▸ **Your assignment**:
Give back exactly the lines from the one that holds "Doanh thu và" through the final line of the data; omit the pictures and add nothing.

*** The data Section Begins ***

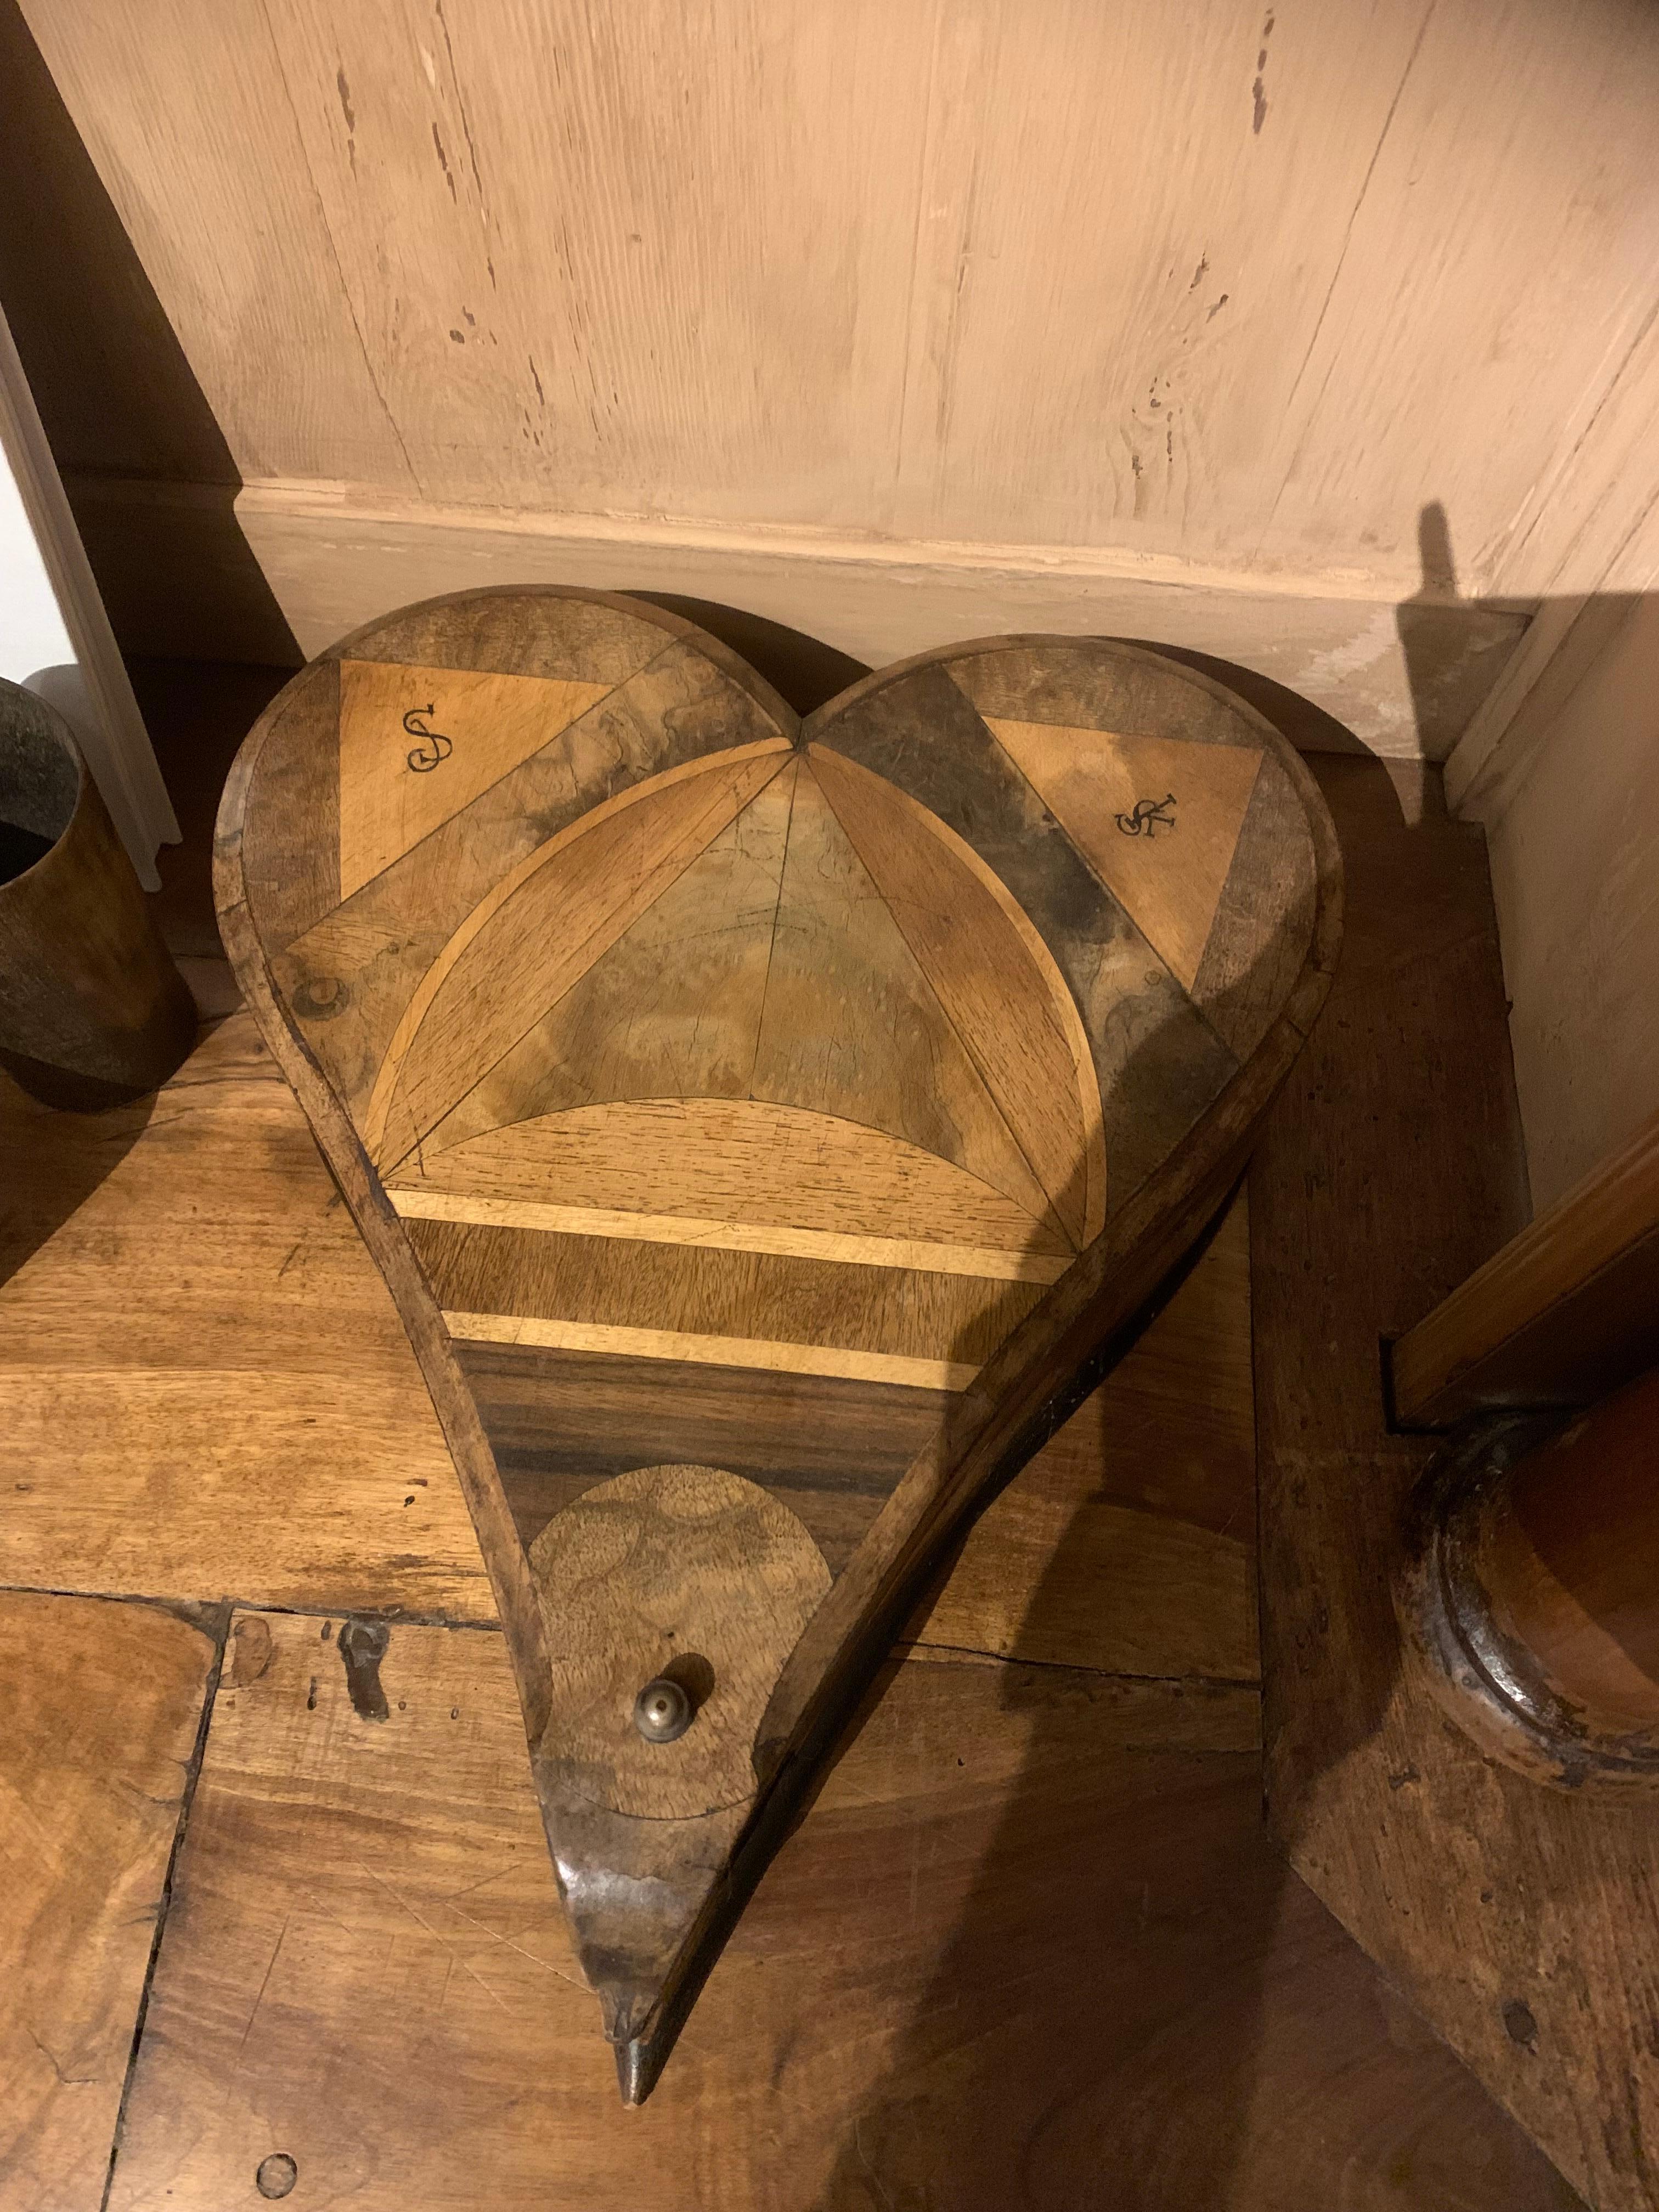 Une magnifique boîte en bois en forme de cœur avec une fine incrustation intarsia de différentes essences de bois et de monogrammes. Probablement Italie, XIXe siècle. La vie est comme une boîte de chocolats.
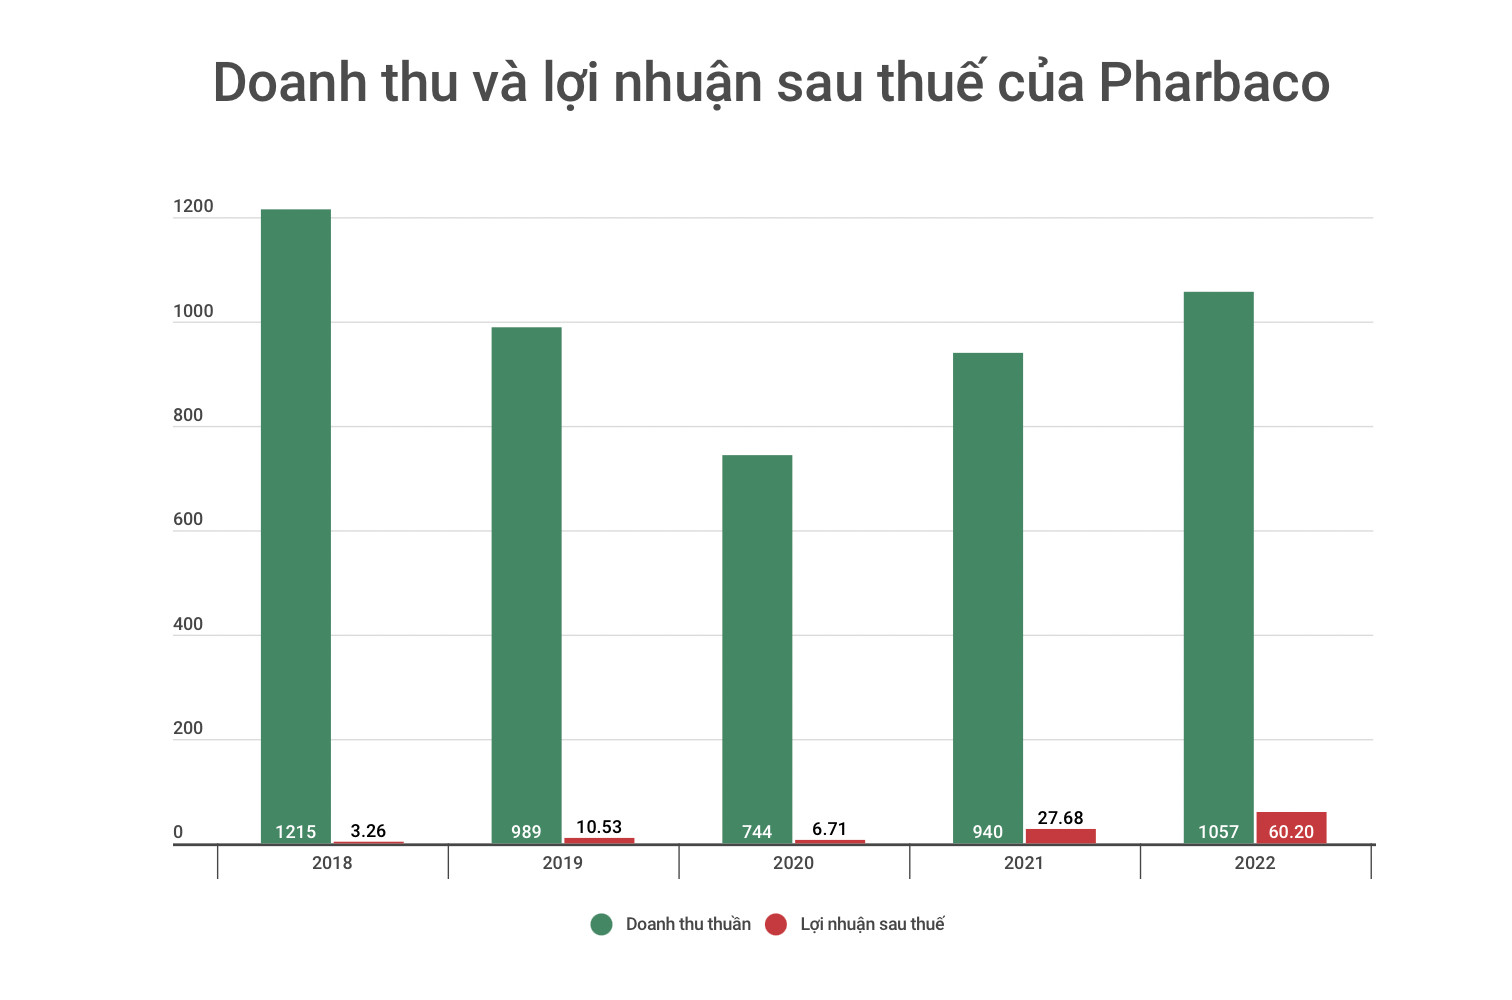 Doanh thu và lợi nhuận Pharbaco tăng trưởng trong giai đoạn 2020 - 2022. Ảnh: Chụp màn hình.
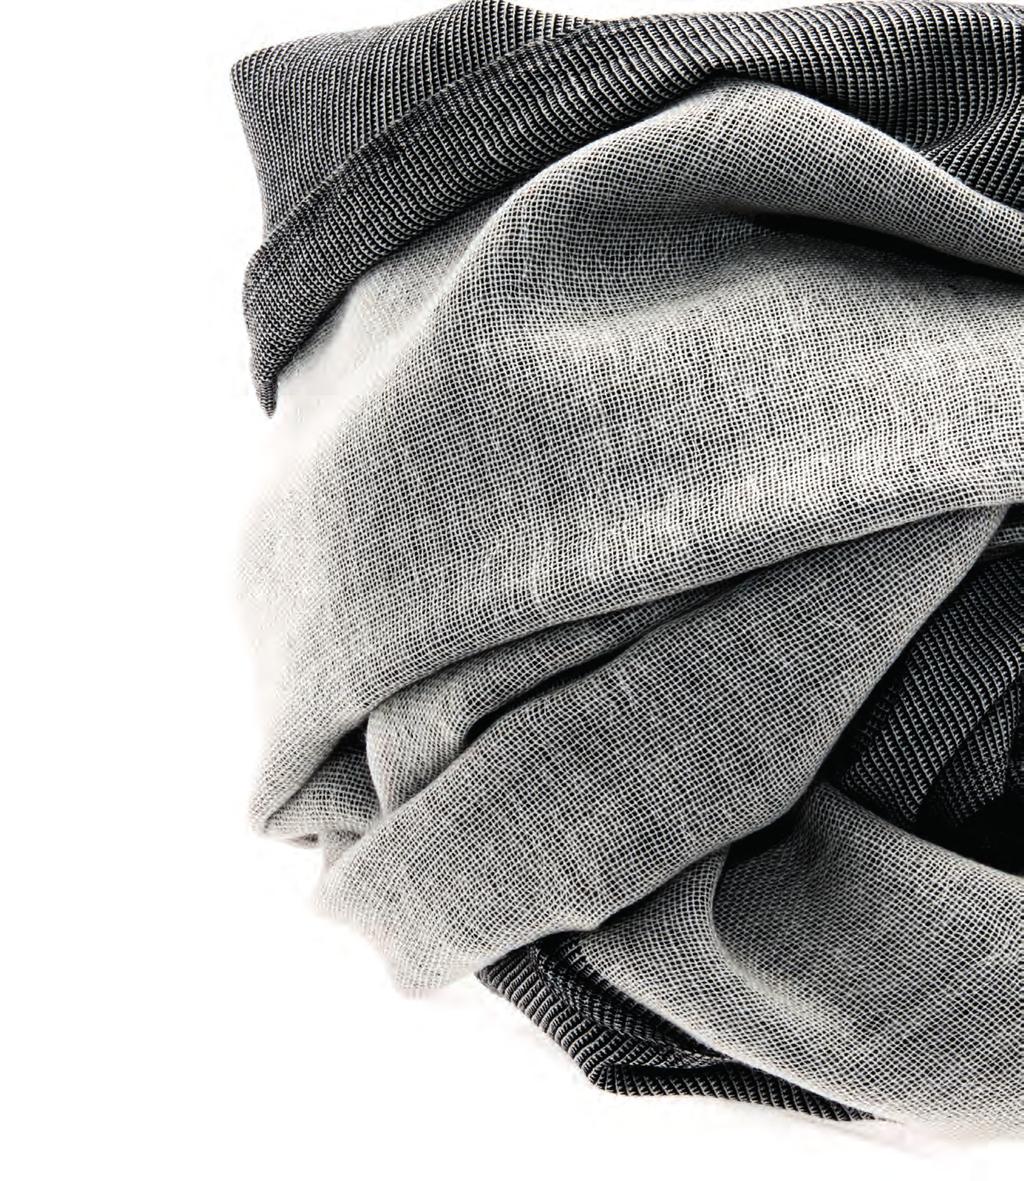 ÜBER MAHEELA Maheela-Schals sind mehr als ein Accessoire sie sind Mode ohne Kompromisse.
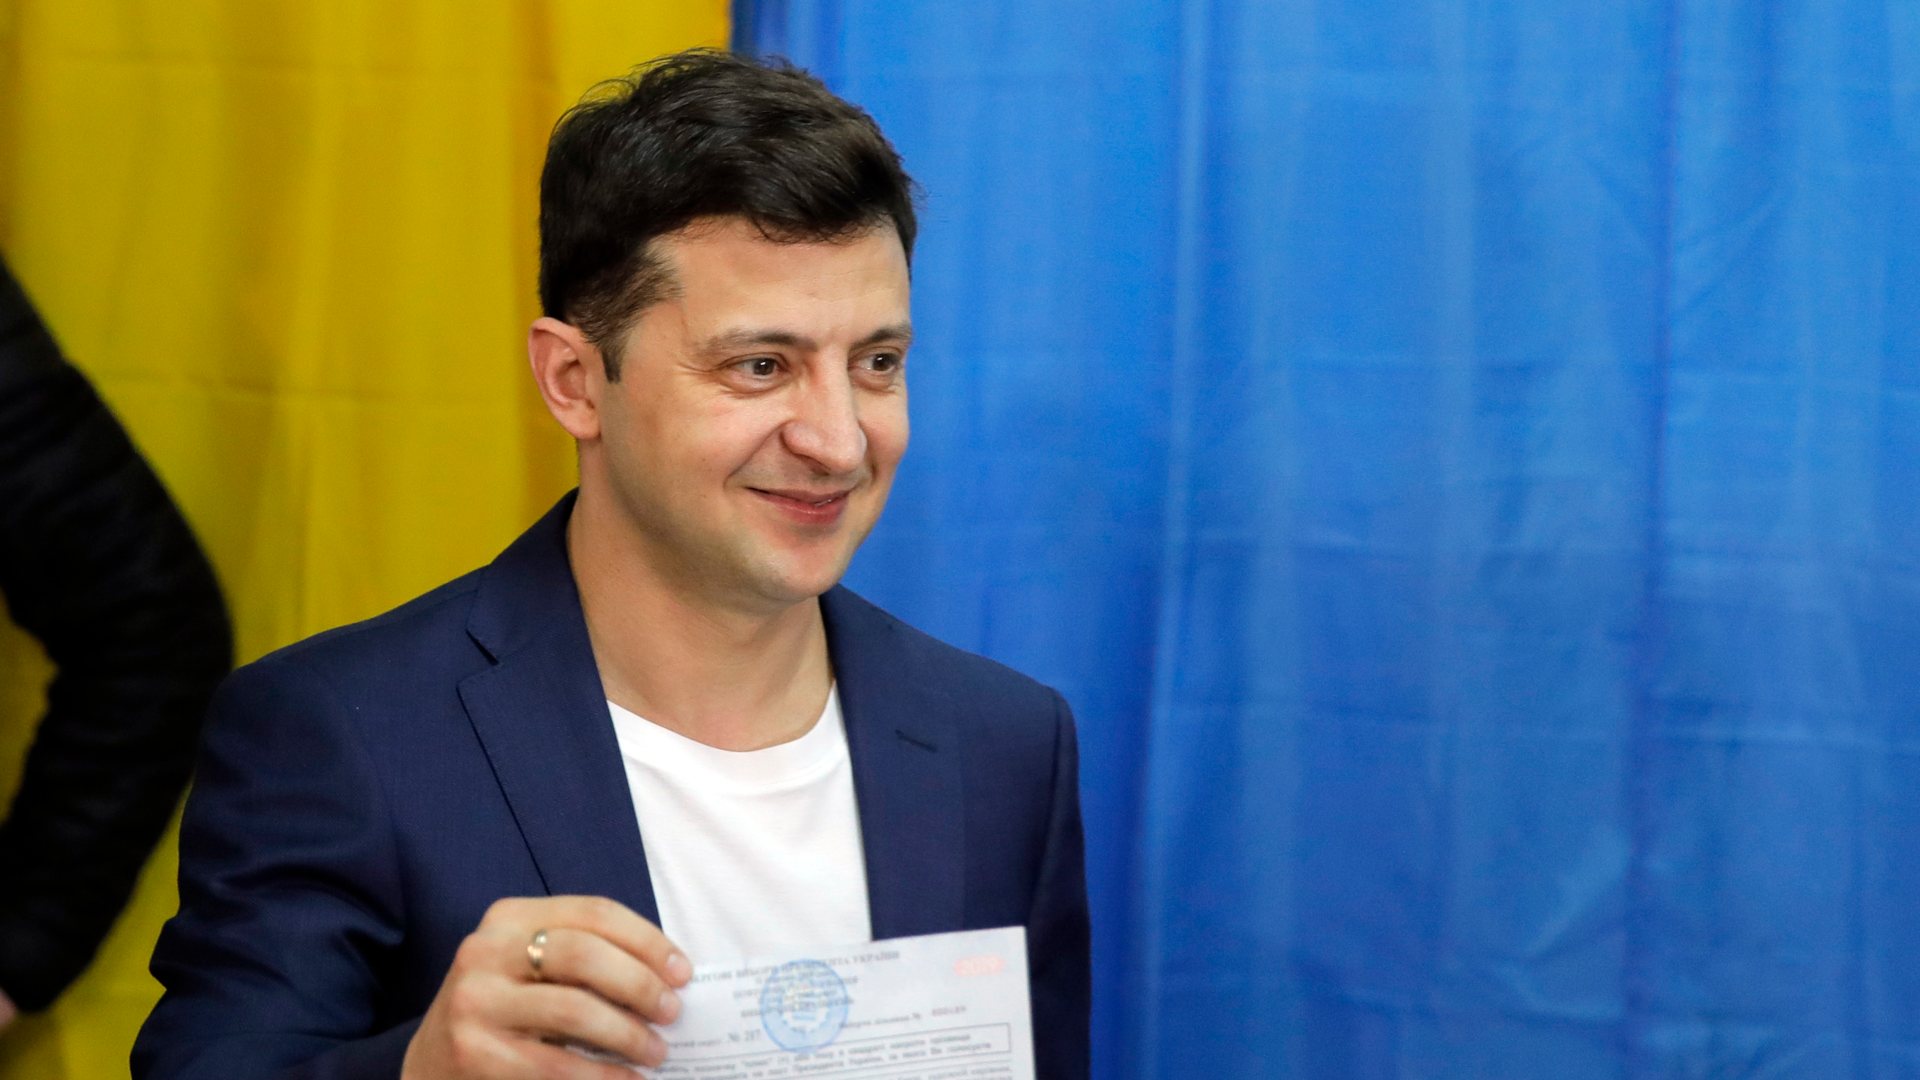 El cómico Zelenski, presidente de Ucrania con el 73% de los votos

*** The data Section Ends ***

▸ **Reply to the exercise**:
 Doanh thu và lợi nhuận Pharbaco tăng trưởng trong giai đoạn 2020 - 2022. Ảnh: Chụp màn hình.
 ÜBER MAHEELA Maheela-Schals sind mehr als ein Accessoire sie sind Mode ohne Kompromisse.
 El cómico Zelenski, presidente de Ucrania con el 73% de los votos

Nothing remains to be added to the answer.